### About this task
Restate the full listing word for word; images stay out of it.

### Input data

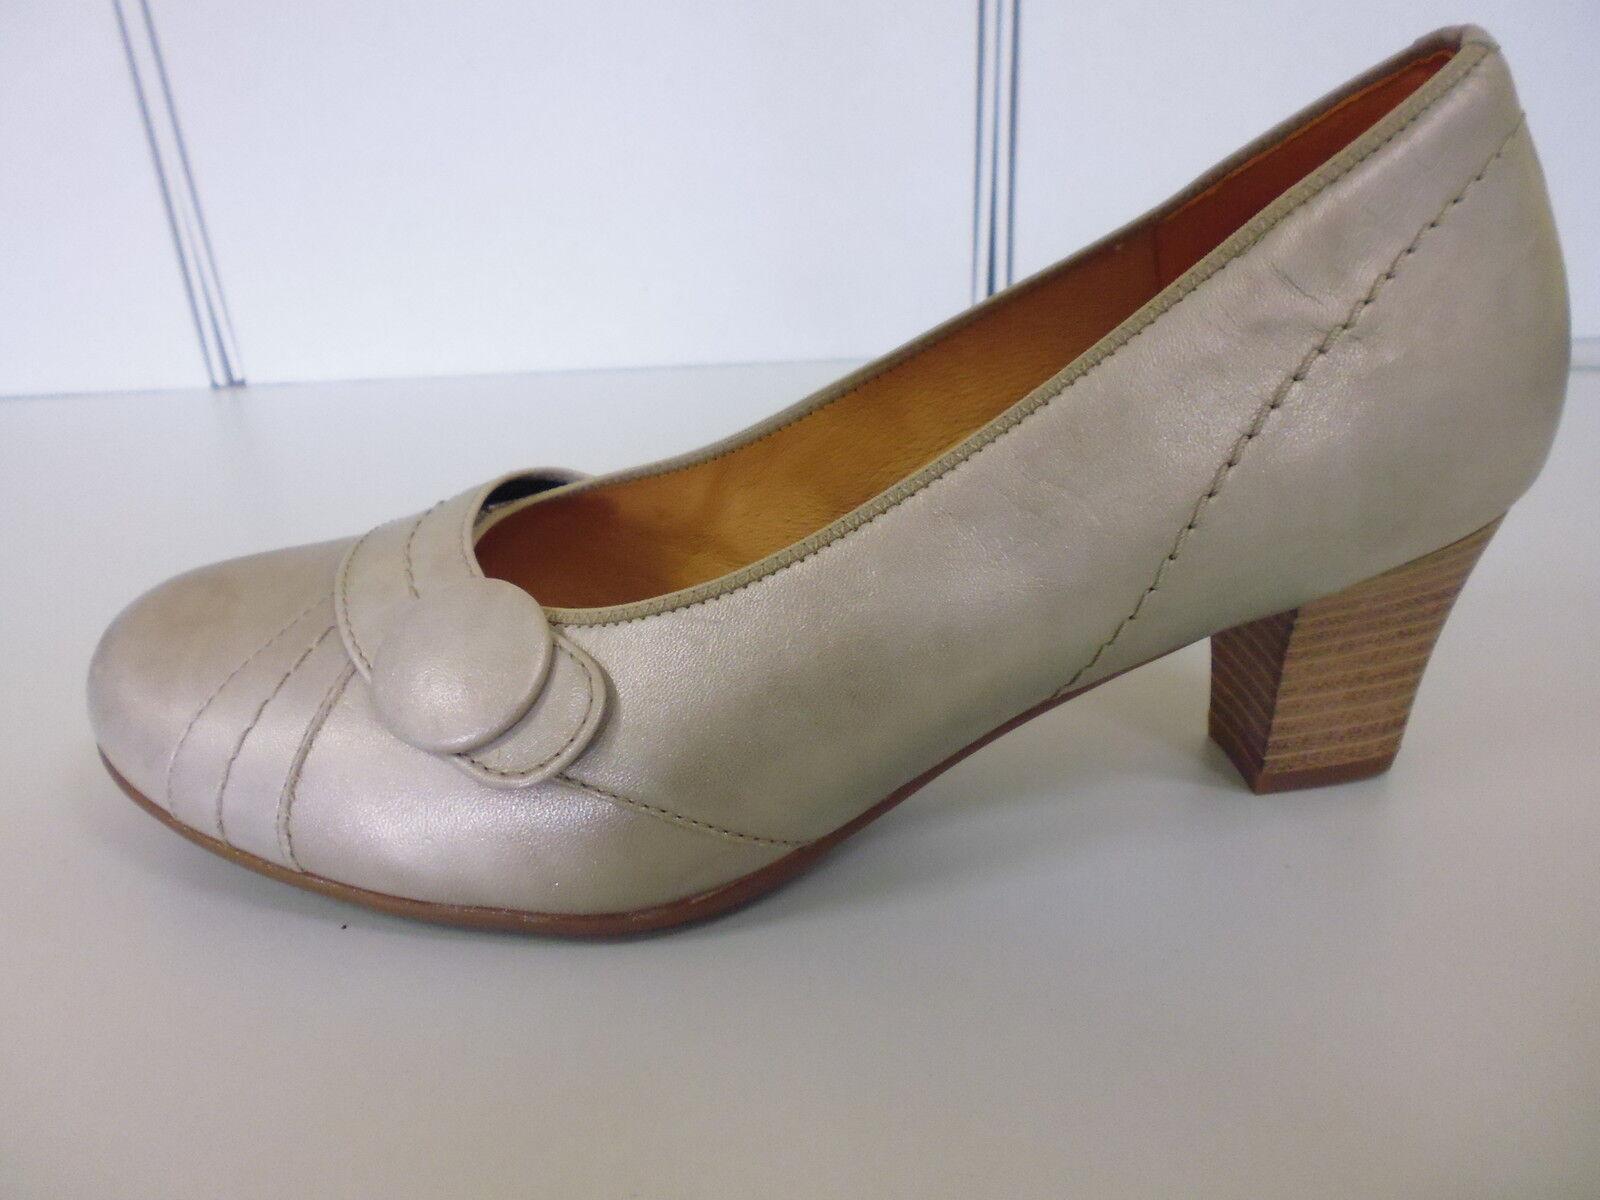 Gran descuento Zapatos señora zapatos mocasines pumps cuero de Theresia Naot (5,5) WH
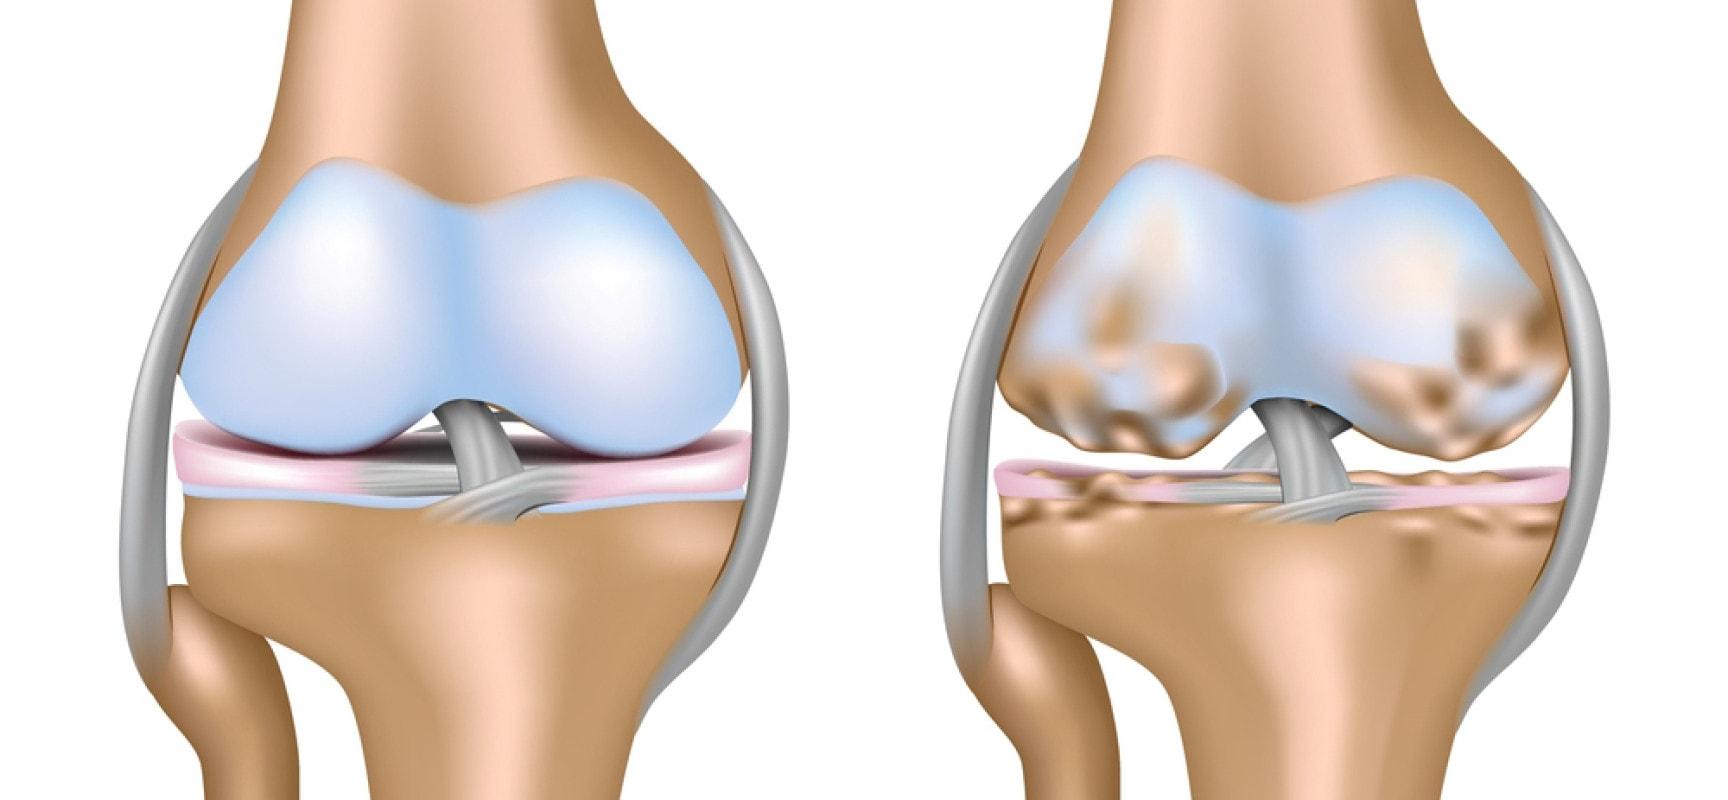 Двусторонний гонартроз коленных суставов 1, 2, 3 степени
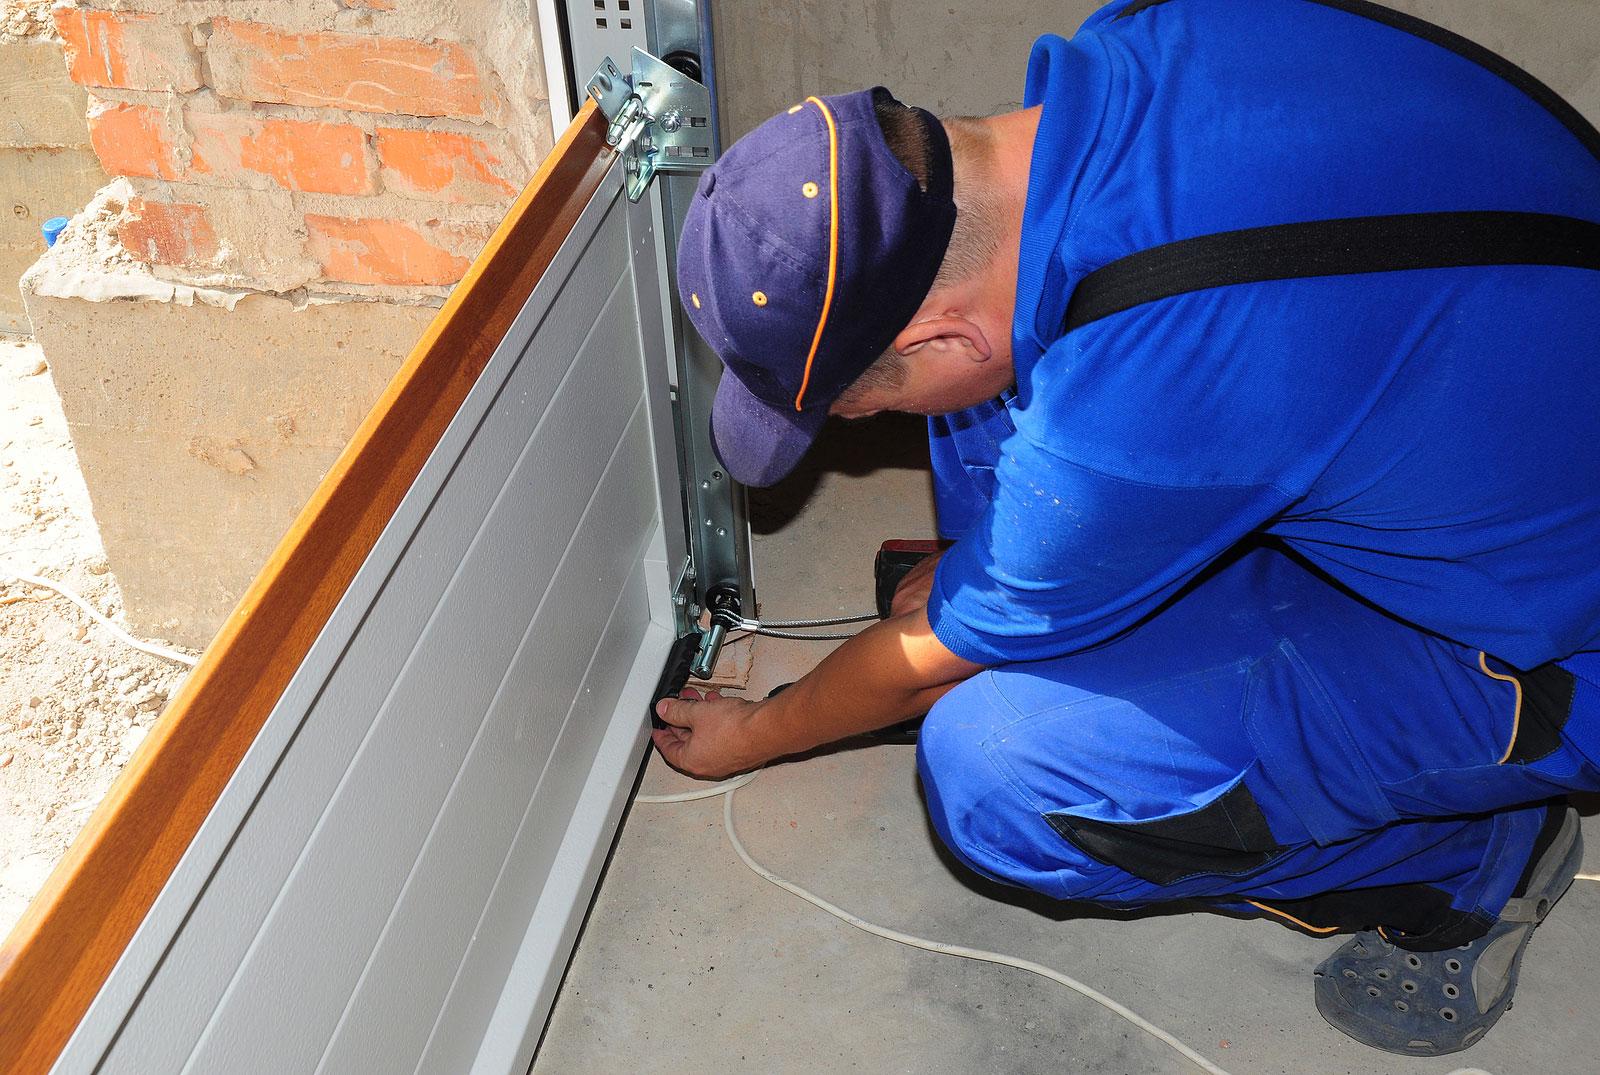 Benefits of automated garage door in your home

######

### Result for this exercise
 Gran descuento Zapatos señora zapatos mocasines pumps cuero de Theresia Naot (5,5) WH
 Двусторонний гонартроз коленных суставов 1, 2, 3 степени
 Benefits of automated garage door in your home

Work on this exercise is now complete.